**PROVIDED RECORDS**

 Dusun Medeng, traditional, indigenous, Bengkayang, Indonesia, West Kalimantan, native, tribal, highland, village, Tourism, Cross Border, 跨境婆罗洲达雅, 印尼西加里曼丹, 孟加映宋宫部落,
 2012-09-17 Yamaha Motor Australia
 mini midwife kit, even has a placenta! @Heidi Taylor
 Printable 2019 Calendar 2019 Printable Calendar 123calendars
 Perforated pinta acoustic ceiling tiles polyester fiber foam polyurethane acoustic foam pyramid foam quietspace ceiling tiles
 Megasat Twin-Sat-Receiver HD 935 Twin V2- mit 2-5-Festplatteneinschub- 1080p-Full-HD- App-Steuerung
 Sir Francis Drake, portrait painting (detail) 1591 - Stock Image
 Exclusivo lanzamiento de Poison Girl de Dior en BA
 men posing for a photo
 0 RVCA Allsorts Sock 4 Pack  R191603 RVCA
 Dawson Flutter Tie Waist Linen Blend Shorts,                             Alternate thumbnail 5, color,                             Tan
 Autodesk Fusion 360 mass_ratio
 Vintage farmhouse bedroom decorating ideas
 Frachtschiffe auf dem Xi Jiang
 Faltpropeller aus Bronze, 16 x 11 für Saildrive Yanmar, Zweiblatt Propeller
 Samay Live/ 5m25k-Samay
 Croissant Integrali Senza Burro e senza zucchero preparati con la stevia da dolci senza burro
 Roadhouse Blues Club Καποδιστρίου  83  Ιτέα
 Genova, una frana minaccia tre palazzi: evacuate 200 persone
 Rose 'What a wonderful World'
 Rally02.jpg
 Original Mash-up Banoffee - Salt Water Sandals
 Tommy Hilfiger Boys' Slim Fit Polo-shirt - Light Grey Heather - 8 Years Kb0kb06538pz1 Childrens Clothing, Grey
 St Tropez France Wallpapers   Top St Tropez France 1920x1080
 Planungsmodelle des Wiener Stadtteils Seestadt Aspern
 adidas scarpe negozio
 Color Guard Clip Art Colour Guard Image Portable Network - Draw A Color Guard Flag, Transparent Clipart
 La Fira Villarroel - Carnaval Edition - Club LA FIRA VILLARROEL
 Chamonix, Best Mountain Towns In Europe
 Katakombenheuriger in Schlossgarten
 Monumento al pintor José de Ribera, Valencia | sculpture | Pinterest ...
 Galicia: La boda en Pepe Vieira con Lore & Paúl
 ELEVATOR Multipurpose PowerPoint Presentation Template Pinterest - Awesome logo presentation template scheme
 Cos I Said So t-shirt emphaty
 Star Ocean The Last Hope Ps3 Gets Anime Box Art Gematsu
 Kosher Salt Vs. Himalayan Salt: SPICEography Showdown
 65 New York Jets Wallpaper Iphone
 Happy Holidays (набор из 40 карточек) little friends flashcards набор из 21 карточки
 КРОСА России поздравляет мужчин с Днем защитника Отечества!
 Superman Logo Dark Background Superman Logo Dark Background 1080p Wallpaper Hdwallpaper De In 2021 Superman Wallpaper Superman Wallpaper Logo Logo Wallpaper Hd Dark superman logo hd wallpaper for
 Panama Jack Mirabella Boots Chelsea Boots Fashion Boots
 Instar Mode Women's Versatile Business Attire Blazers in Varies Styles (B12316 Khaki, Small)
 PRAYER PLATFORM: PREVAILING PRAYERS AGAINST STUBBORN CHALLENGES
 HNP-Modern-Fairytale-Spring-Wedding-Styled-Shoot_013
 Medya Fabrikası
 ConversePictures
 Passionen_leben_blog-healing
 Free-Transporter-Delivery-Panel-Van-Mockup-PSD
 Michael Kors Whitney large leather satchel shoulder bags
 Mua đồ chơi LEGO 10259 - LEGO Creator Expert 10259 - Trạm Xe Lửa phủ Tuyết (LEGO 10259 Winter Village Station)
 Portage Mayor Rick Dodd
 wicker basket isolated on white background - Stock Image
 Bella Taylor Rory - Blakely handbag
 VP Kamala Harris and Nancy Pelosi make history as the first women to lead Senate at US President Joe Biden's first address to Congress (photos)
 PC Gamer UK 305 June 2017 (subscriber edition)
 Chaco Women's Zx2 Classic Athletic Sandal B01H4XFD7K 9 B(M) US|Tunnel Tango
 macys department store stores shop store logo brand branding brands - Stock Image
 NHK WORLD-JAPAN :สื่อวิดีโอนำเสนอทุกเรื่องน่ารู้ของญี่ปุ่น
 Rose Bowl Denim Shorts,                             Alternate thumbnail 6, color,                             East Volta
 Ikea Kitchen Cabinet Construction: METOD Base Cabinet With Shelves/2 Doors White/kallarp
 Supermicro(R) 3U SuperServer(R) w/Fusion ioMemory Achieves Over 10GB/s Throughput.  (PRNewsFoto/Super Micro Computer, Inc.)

**ACTION ITEM**
The lines above, starting at the one with "Happy Holidays (набор" and ending at the one with "Panama Jack Mirabella", are the only ones to return, exactly as written.

**RESPONSE TO THIS EXERCISE**
 Happy Holidays (набор из 40 карточек) little friends flashcards набор из 21 карточки
 КРОСА России поздравляет мужчин с Днем защитника Отечества!
 Superman Logo Dark Background Superman Logo Dark Background 1080p Wallpaper Hdwallpaper De In 2021 Superman Wallpaper Superman Wallpaper Logo Logo Wallpaper Hd Dark superman logo hd wallpaper for
 Panama Jack Mirabella Boots Chelsea Boots Fashion Boots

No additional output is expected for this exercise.